Although King County has seen wildfire smoke for the last several summers, it has largely avoided the impacts of devastating wildfires seen on the eastern side of the state.
However, county officials suspect that could change. Most of the county remains at moderate risk of wildfire, but fires are expected to become more common, particularly in the heavily forested and rural areas.
These areas — including parts of Snoqualmie, North Bend and Fall City — sit in what the county describes as the Wild Urban Interface (WUI), an area of land where urban development mixes with rural wildlands. Parts of Enumclaw, Auburn and Issaquah also sit within the WUI.
The county government has become increasingly concerned about an increase in wildfires in these area, said Lara Whitely Binder, a climate preparedness program manager for the county.
“The potential for a large fire is low in Western Washington compared to any other part of the state,” she said. “But we know that we are not prepared in King County. We have largely thought of wildfires as a problem for other parts of the state.”
In the last year, the amount of time county firefighters have spent fighting fires has nearly quadrupled, according to Jordan Simmonds, a captain with Eastside Fire & Rescue, who also trains firefighters in fighting wildland fires.
In an average year, county firefighters spend 266 hours fighting fires. This year, they have spent 953 hours.
The number of fires in the county is also up 44% compared to the average year. In Fire District 1, which includes the north and east parts of King County, the number of fires is up 46%.
“I’ve been fighting fires for 23 years, and in that time I can certainly tell you from personal experience we have seen a huge increase in local wildfires,” Simmonds said. “We’re seeing fires get bigger and grow faster.”
This year, county firefighters have already responded to a number of large fires, including the Cedar Hills fire in Issaquah, the Royal Hills fire in Renton and the Green Valley fire in Auburn.
Until recently, Simmonds said the county did not have much of the heavy equipment or resources needed to fight these fires, making containment even more difficult.
That is beginning to change. Recently, the county has begun working alongside fire districts and communities to acquire more resources and introduce the county’s first wildfire risk reduction strategy.
The strategy is looking at three pillars of wildfire reduction: what can be done in forest landscapes, what can be done in the WUI communities, and what can be done to quickly and effectively respond to fires.
Even if the county does everything right, wildfires will still be seen in the future due to climate change increasing the potential for favorable conditions, Whitely Binder said.

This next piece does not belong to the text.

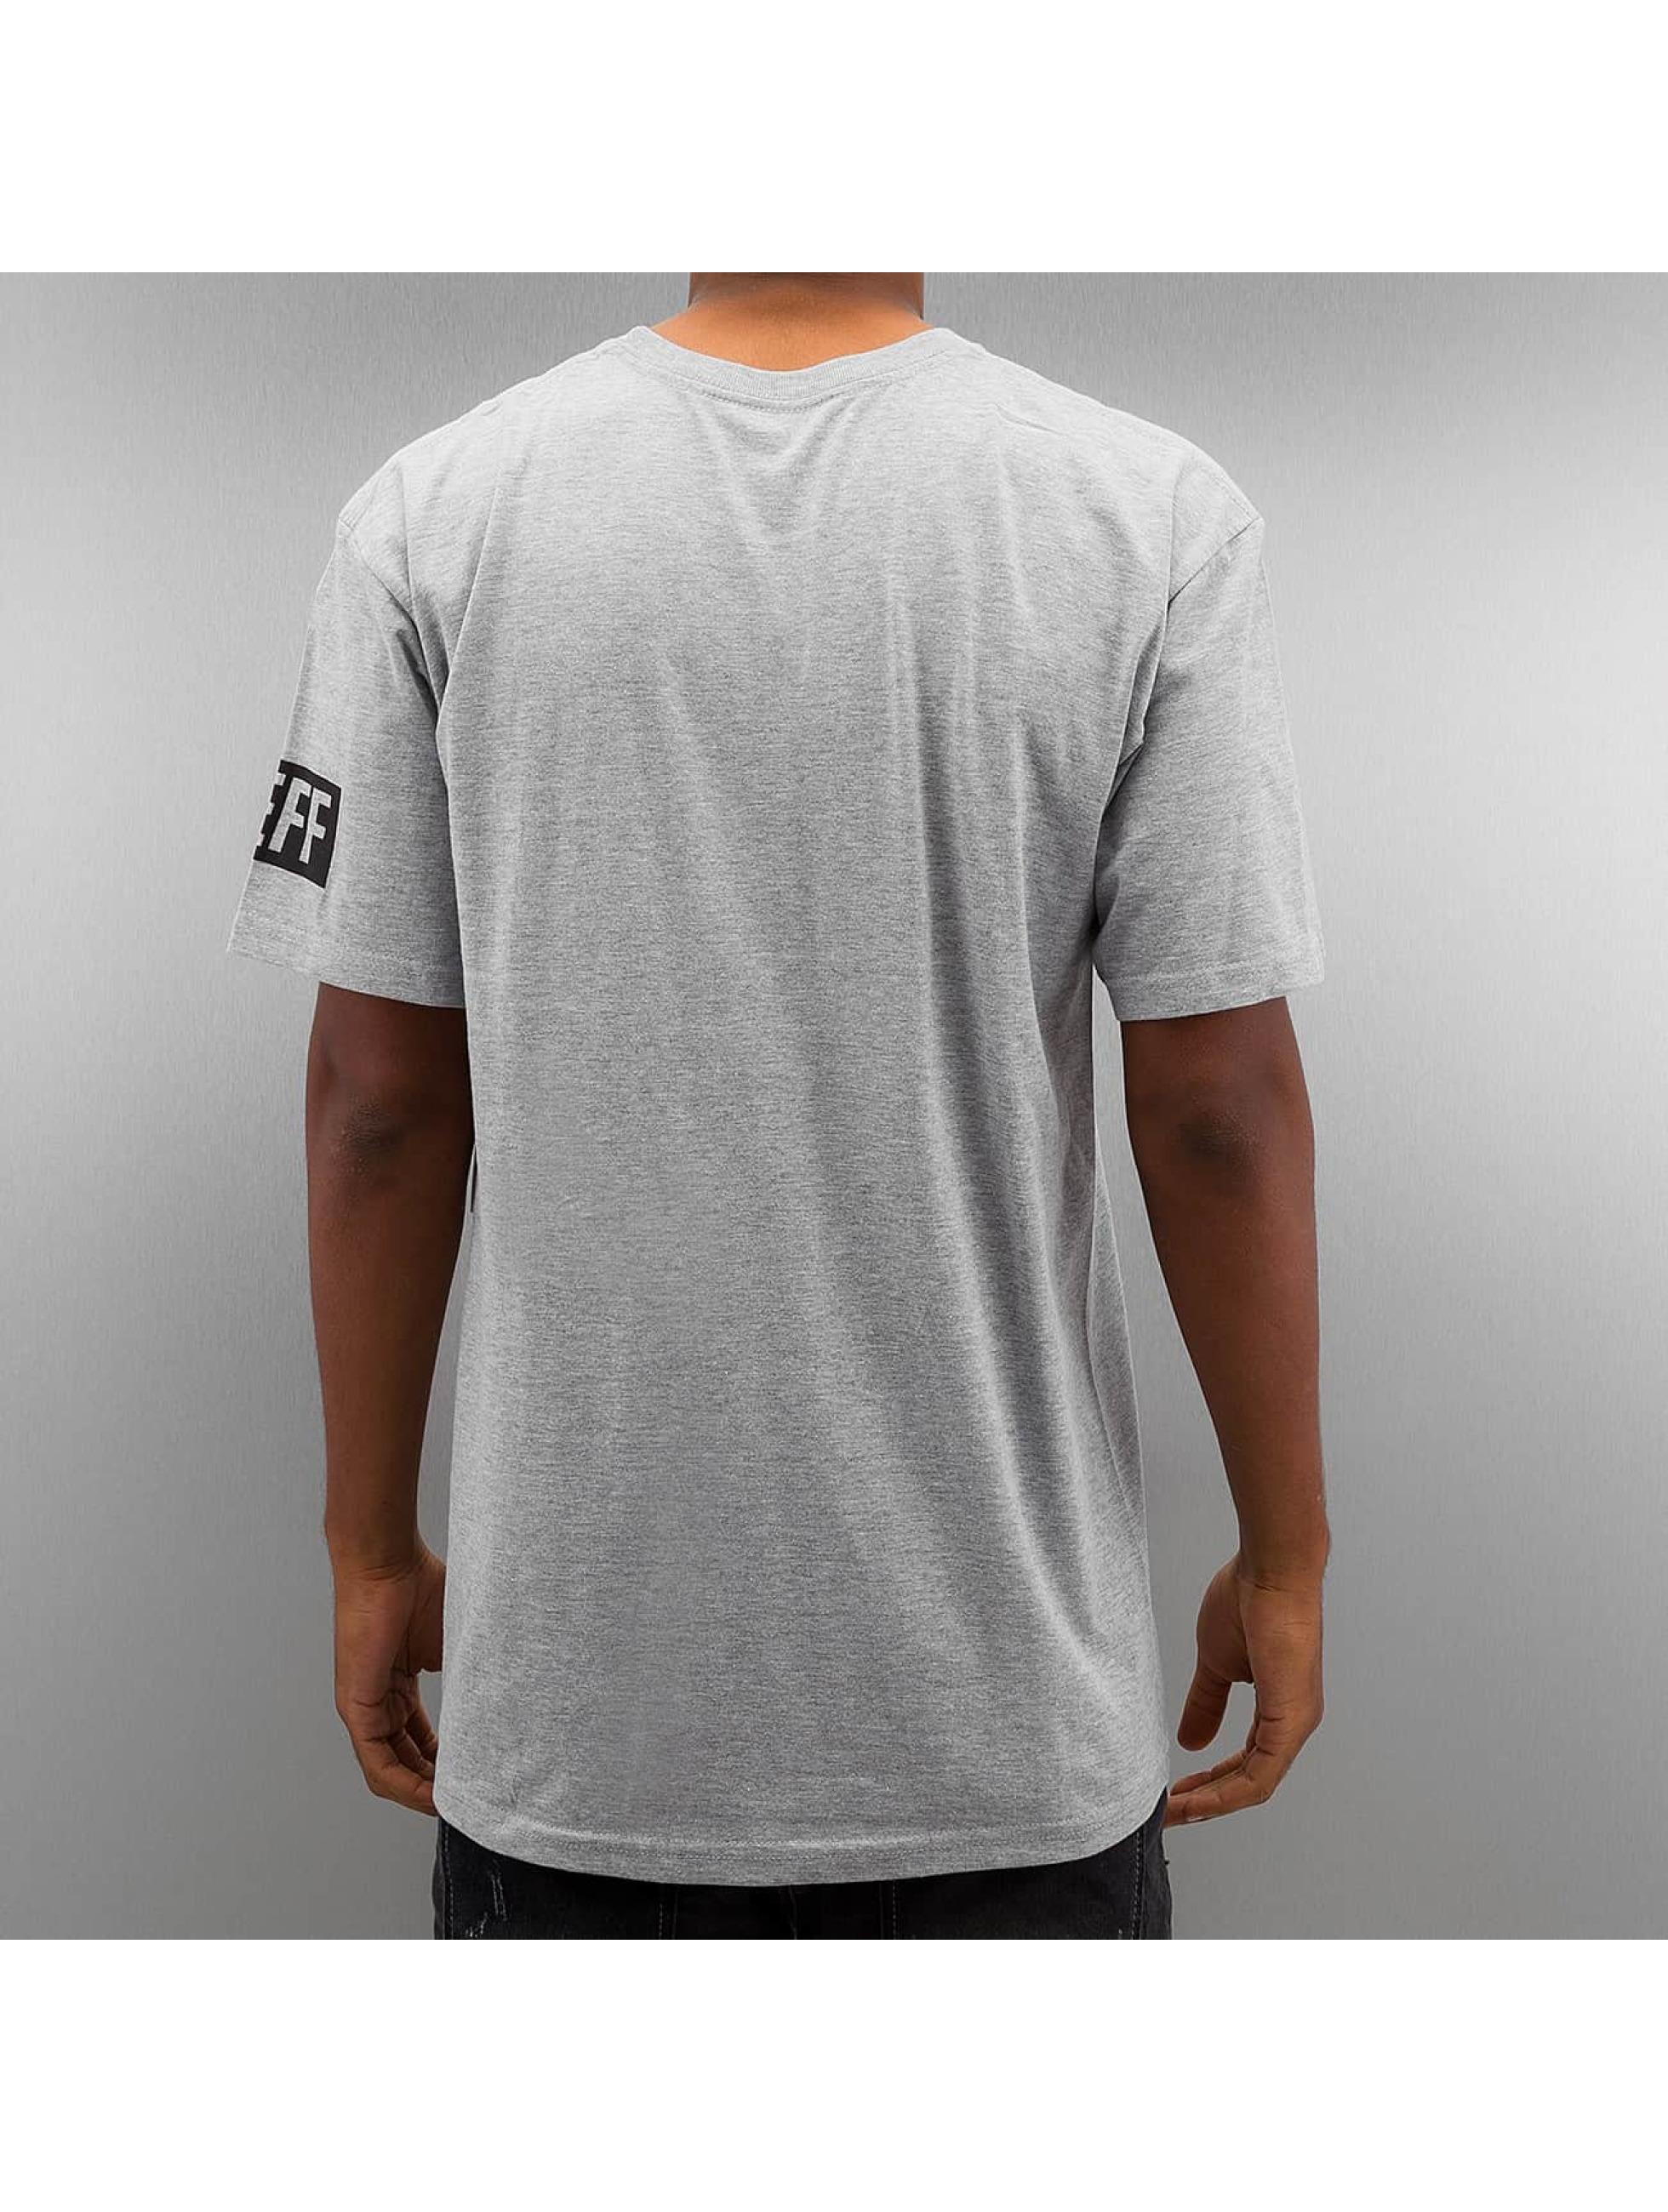 NEFF T-Shirt Camo is Dead grey

“Projections for lower snowpack, higher summer temperatures and dryer summer conditions all set the stage for fires, ” she said.
Wildfires in King County have typically stayed low to the ground, rarely rising above the treeline, Simmonds said. Although county fire behavior could change to more resemble the eastern portion of the state, ground fires often allow firefighters to save homes if owners take the proper precautions.
“It makes all the difference in the world,” Simmons said. “If a homeowner has not been on top of it, not maintaining the ground around their home, there are times we’re not able to save it.”
‘Right down the I-90 corridor’
Matt Axe, the wildfire and forest resiliency coordinator with the King Conservation District, helps homeowners prepare. He offers a free service for county residents, where he will inspect their property and make suggestions for fire resiliency improvements.
“When we start at a home, we work out and we create this defensible space,” he said. “The first 30 feet is how we get the biggest bang for your buck in reducing fire damage to your home.”
Axe said preparing your property for a fire is particularly important in the heavily forested areas of the Snoqualmie Valley.
Forested areas naturally have a higher risk for fire, not including the increased chance of human-caused fires due to development. The valley is also in close proximity to wildfires in Eastern Washington.
“If we have conditions like we did this year and we have an easterly wind event, that wildfire is expected to go right down the I-90 corridor,” Axe said.
When he looks at homes, Axe said he checks if they have the correct fire resistant building materials, including an asphalt or metal roof, as well as ignition-resistant siding.
He also looks to see that there are no pine needles or other debris around the home or in uts gutters. Plants with oily leaves or needles and bark around the home also pose big risks to ignition.
“We can never say with everything we do that your home will survive a wildfire,” Axe said. “What we can do is improve your chances.”